Dec 09 12:33:14 n11.dcos kubelet[1107062]: E1209 12:33:14.684002 1107062 pod_workers.go:951] "Error syncing pod, skipping" err="failed to \"StartContainer\" for \"nettest\" with CrashLoopBackOff: \"back-off 5m0s restarting failed container=nettest pod=net-test-87478686f-4qvk7_default(ba206940-0733-4e8e-a09c-d28387e46abf)\"" pod="default/net-test-87478686f-4qvk7" podUID=ba206940-0733-4e8e-a09c-d28387e46abf
Dec 09 12:33:14 n11.dcos kubelet[1107062]: I1209 12:33:14.844797 1107062 kubelet.go:2110] "SyncLoop (PLEG): event for pod" pod="default/net-test-87478686f-4qvk7" event=&{
    
    ID:ba206940-0733-4e8e-a09c-d28387e46abf Type:ContainerStarted Data:34ef1dc4b2394818a7a843a8655af5444af0766083fe72a53204d9e554ed30c7}
Dec 09 12:33:14 n11.dcos kubelet[1107062]: I1209 12:33:14.845095 1107062 scope.go:110] "RemoveContainer" containerID="797fdf4f559d1079c4e38bc6da7dbc3d547a8f41aa9da86e80d12934326b9507"
Dec 09 12:33:14 n11.dcos kubelet[1107062]: E1209 12:33:14.845294 1107062 pod_workers.go:951] "Error syncing pod, skipping" err="failed to \"StartContainer\" for \"nettest\" with CrashLoopBackOff: \"back-off 5m0s restarting failed container=nettest pod=net-test-87478686f-4qvk7_default(ba206940-0733-4e8e-a09c-d28387e46abf)\"" pod="default/net-test-87478686f-4qvk7" podUID=ba206940-0733-4e8e-a09c-d28387e46abf
Dec 09 12:33:15 n11.dcos kubelet[1107062]: I1209 12:33:15.285417 1107062 kubelet_getters.go:300] "Path does not exist" path="/vdata/kubelet/cuk-tgops-214613666997-m19n11anwy/pods/606fc9e3-624e-41a4-8fd5-62138bedd0d0/volumes"
Dec 09 12:33:15 n11.dcos kubelet[1107062]: I1209 12:33:15.849072 1107062 scope.go:110] "RemoveContainer" containerID="797fdf4f559d1079c4e38bc6da7dbc3d547a8f41aa9da86e80d12934326b9507"

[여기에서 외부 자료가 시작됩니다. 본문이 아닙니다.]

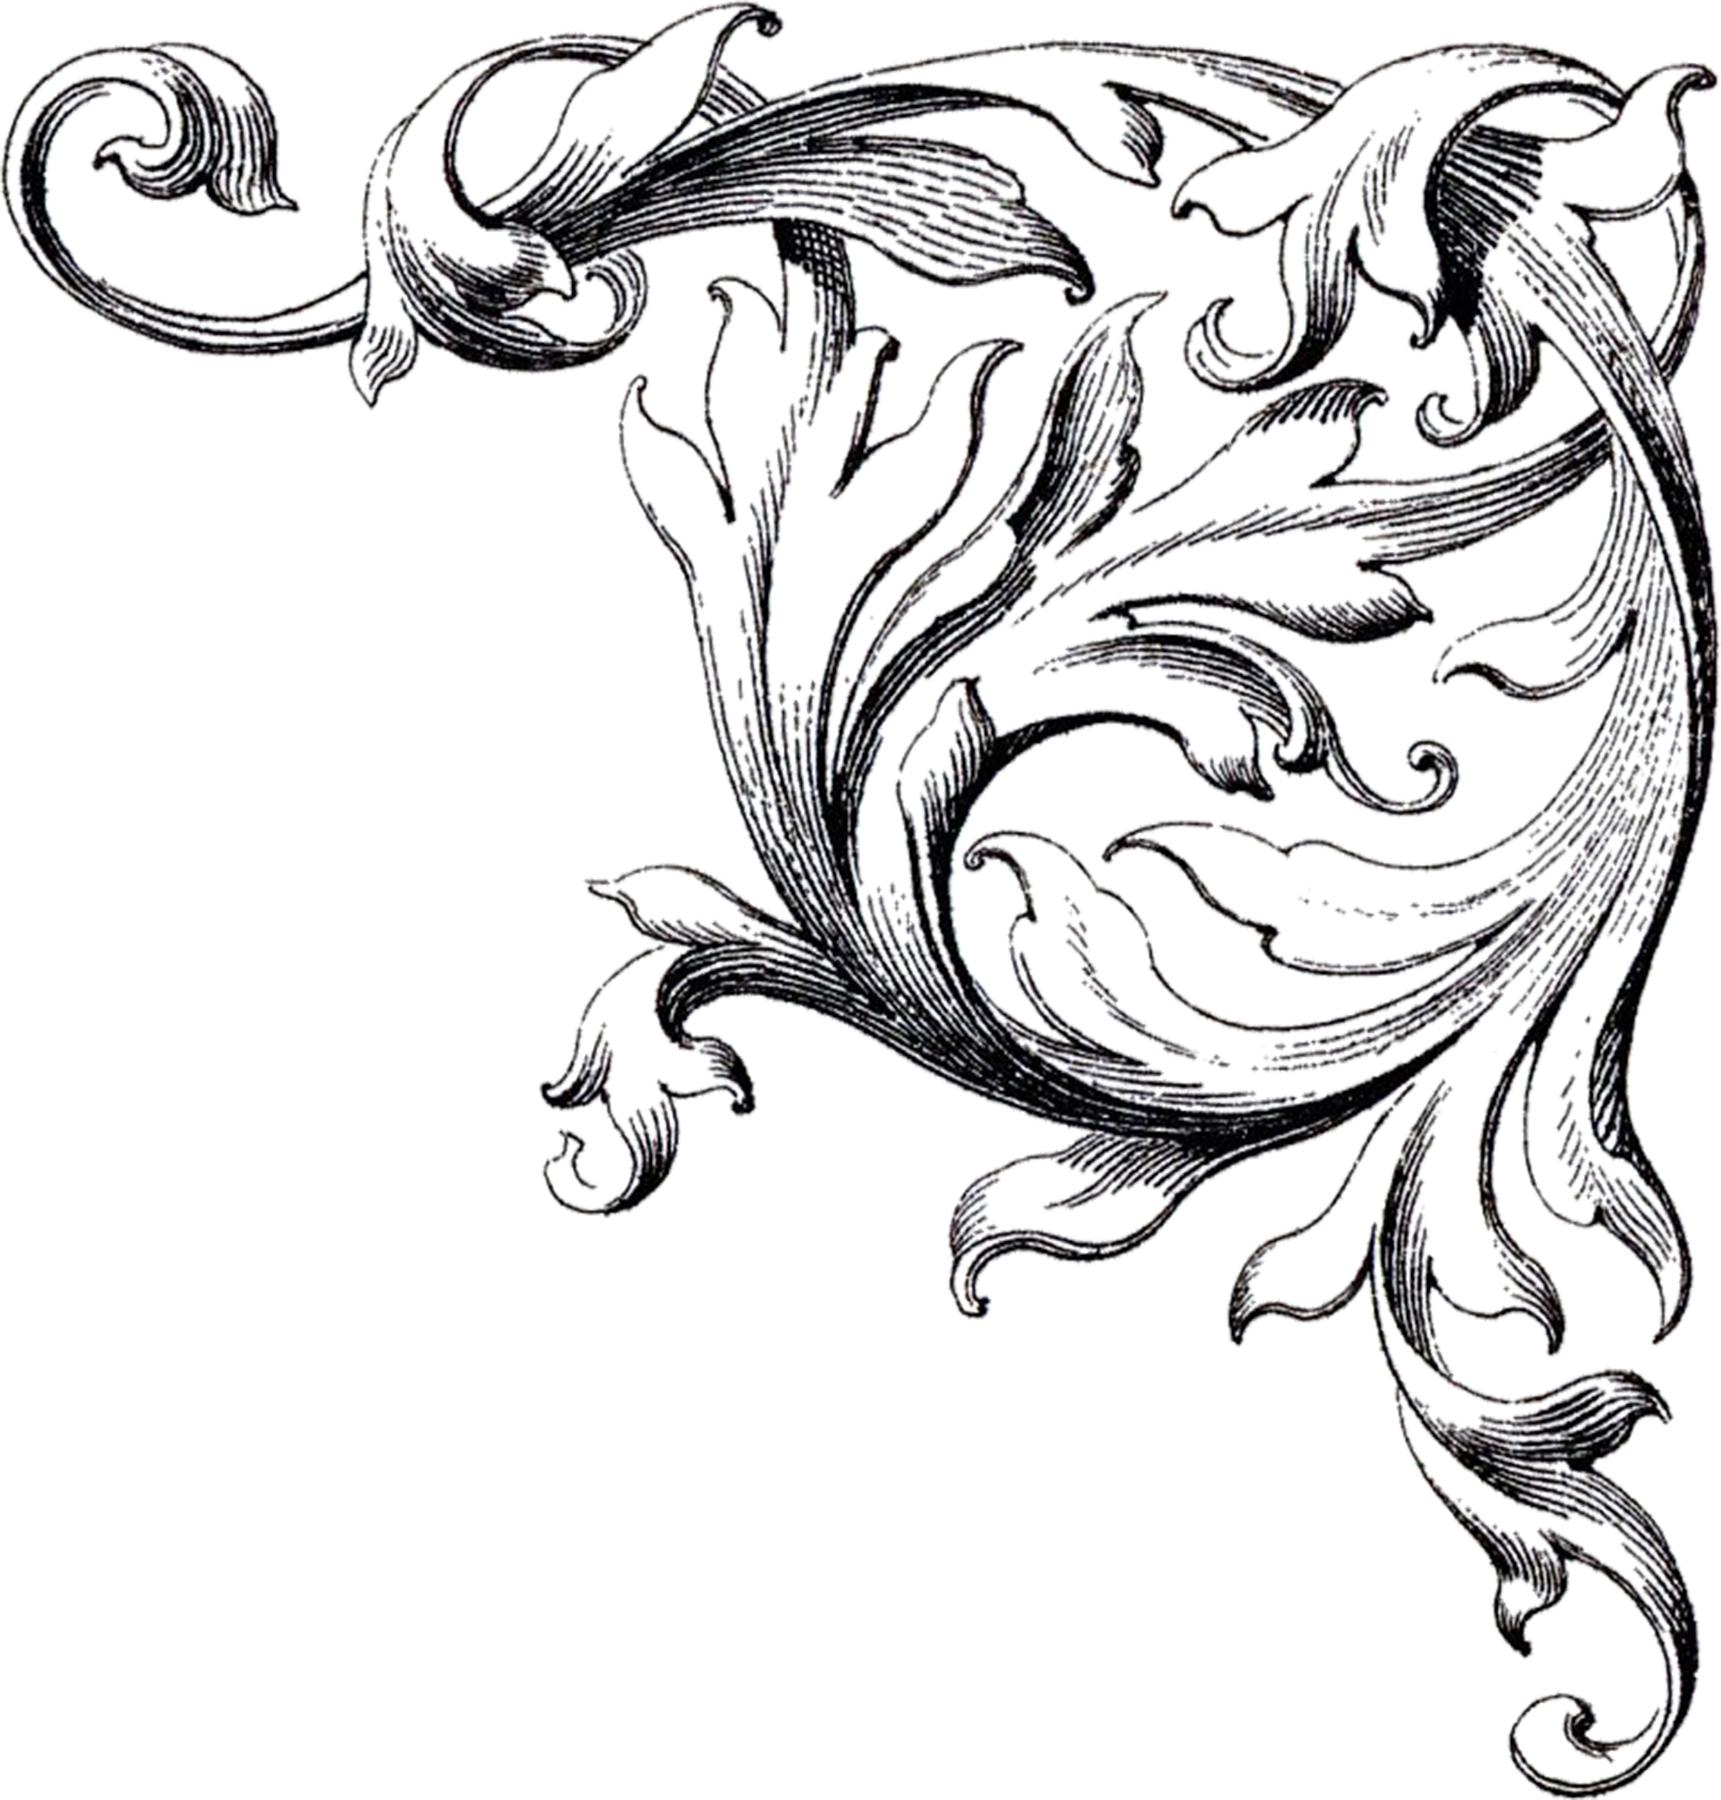 Free Wedding Clip Art Scrolls The Graphics Fairy

Dec 09 12:33:15 n11.dcos kubelet[1107062]: E1209 12:33:15.849298 1107062 pod_workers.go:951] "Error syncing pod, skipping" err="failed to \"StartContainer\" for \"nettest\" with CrashLoopBackOff: \"back-off 5m0s restarting failed container=nettest pod=net-test-87478686f-4qvk7_default(ba206940-0733-4e8e-a09c-d28387e46abf)\"" pod="default/net-test-87478686f-4qvk7" podUID=ba206940-0733-4e8e-a09c-d28387e46abf
Dec 09 12:33:16 n11.dcos kubelet[1107062]: I1209 12:33:16.856556 1107062 kubelet.go:2110] "SyncLoop (PLEG): event for pod" pod="default/net-test-87478686f-4qvk7" event=&{
    
    ID:ba206940-0733-4e8e-a09c-d28387e46abf Type:ContainerDied Data:34ef1dc4b2394818a7a843a8655af5444af0766083fe72a53204d9e554ed30c7}
Dec 09 12:33:16 n11.dcos kubelet[1107062]: I1209 12:33:16.856585 1107062 pod_container_deletor.go:79] "Container not found in pod's containers" containerID="34ef1dc4b2394818a7a843a8655af5444af0766083fe72a53204d9e554ed30c7"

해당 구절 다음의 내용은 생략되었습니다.